The surgery experience went well and the worst pain I felt was when I stupidly tried to shave my legs for the flight back to Dallas. Of course, I did milk it a little bit as I DID just have surgery. At first I didn’t want anyone to know. After all, I was a failure; I couldn’t “eat less and exercise more”. I had to have surgery to get healthy. Well, that lasted about a week. Then I realized that I wasn’t a failure, I was taking control of my life. I was doing something positive. I was SAVING my life! So, I told everyone! That led to my family and friends watching every morsel I put into my mouth. Marveling at how little I could eat and not be hungry. When I got the “deer in the headlights” look due to something being stuck, and asked to be excused, someone always would ask “Are you going to throw up?” I no longer can go to the bathroom during a meal to even wash my hands with out the “throw up” comment.
I spent the adjustment phase circling the kitchen like a shark. I would walk in and open the fridge, realize I wasn’t hungry and leave. About 30 minutes later, I would do the same thing. Eating out was an event. A few bites into the meal, I was full. I would bring everything home. My refrigerator was a sea of white cartons. Of course once you have eaten the same thing 4 times, you don’t really want it. Now, I order a small portion or just leave it there. I am a great date! My friends and the guys I went out with got to have a meal and a half! The worst problem I experience now is on several occasions, I have had Chefs come out of the kitchen and ask what was wrong with the meal. Argh! I have to explain the band in order to keep their feelings from being hurt!
I had a ton of energy after dropping just a few pounds! I proceeded to needlepoint an entire Christmas stocking for my mother and I even started cleaning my house. At one point, I had a toothbrush on the baseboards! Anything to keep busy and wrangle in some of this extra energy I had. No one really noticed I had lost much of anything, until I had lost about 60 pounds. Then all of the sudden, my clothes were loose, my face was thinner and my body had started to change. This was around October of 1999. Of course I still saw the 340-pound woman staring me back in the mirror. This prompted me to call Dr. Martin and request an audience with him for my next fill. Everything was going well for me, but I thought I was going crazy! Dr. Martin explained that this was very normal and quickly put me on anti-depressants. He also prescribed 3-20 minute back massages a week! Love that man.

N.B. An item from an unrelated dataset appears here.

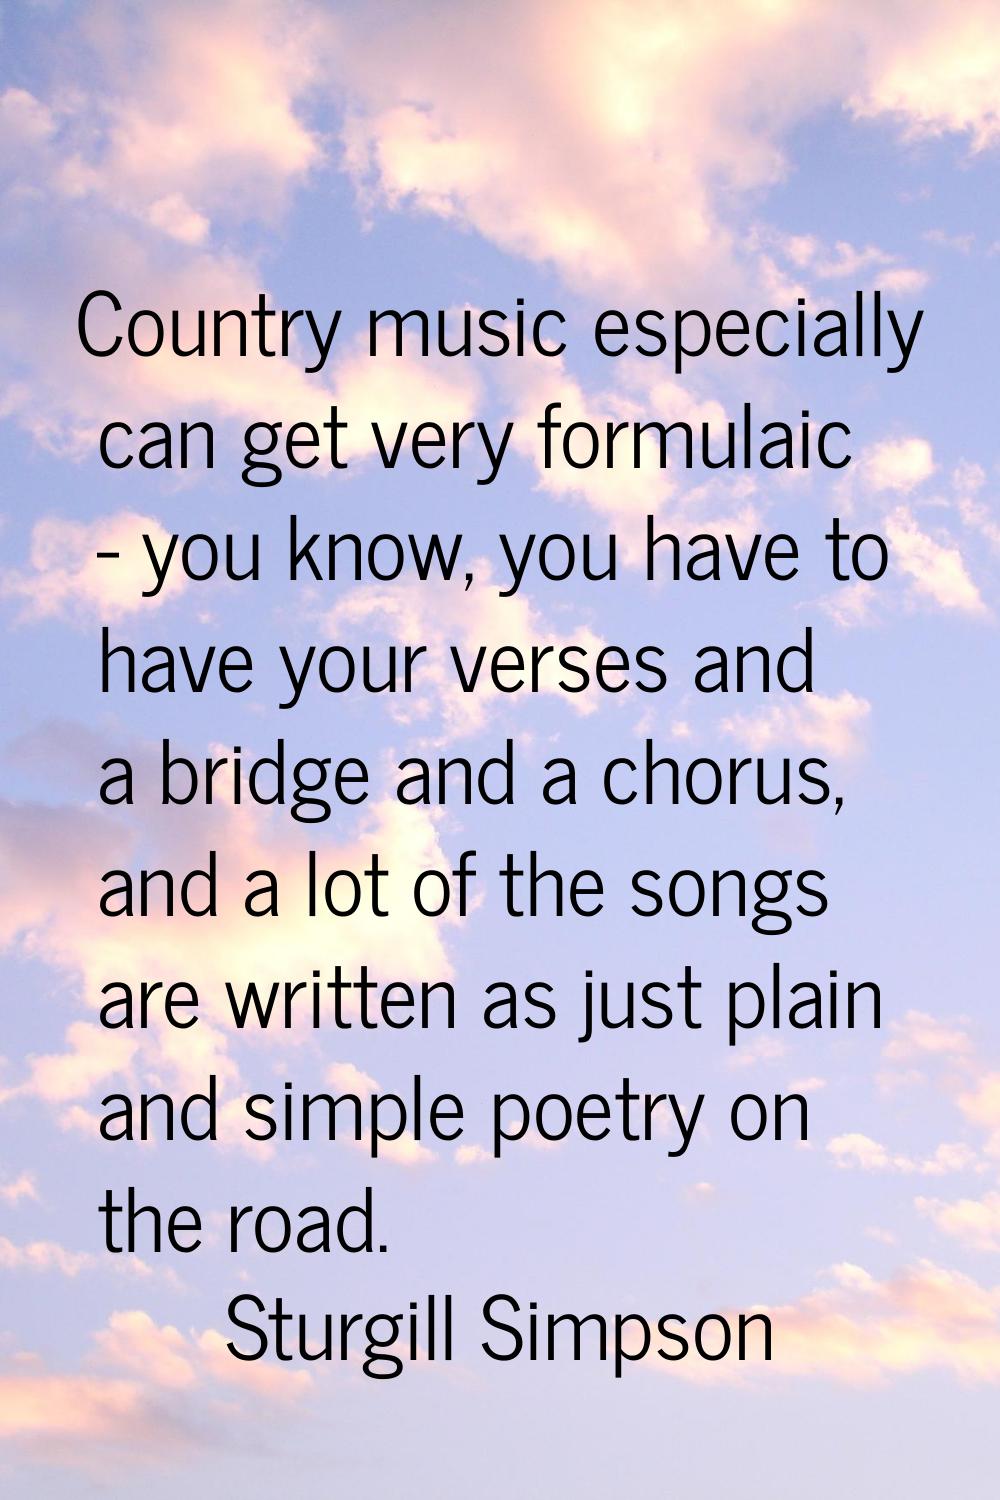 Country music especially can get very formulaic - you know, you have to have your verses and a brid

What I can tell you now, is that the old Cynthia was in the process of dying. The new Cynthia was beginning to emerge. I didn’t know what to make of the new me and at the same time, I was mourning the old me. As the layers of fat were leaving my body, there was no place for me to hide. Suddenly my clients were annoying me. I was a travel agent to a very wealthy high maintenance clientele. I became frustrated with their requests. The manager of the agency where I rented my desk had an extremely short temper with me. I couldn’t understand what was going on. So, I sought the help of a therapist. Through discussing this matter with him, I realized that I was no longer the human doormat and I had begun to stand up for myself. I had self-esteem! Well, my clients and co-workers, who were used to wiping their feet on my face, just didn’t know what to make of this. I knew at that moment, that my time in the travel business would be short lived and I began to look for someone to purchase my client list. Changes happen when you change your life. Please don’t be afraid to go and talk to someone about it. Jobs change, marriages and relationships begin and end, and some new friends enter your life as well as old friends leave your life. This is all part of change. Please don’t be afraid of it, but embrace it!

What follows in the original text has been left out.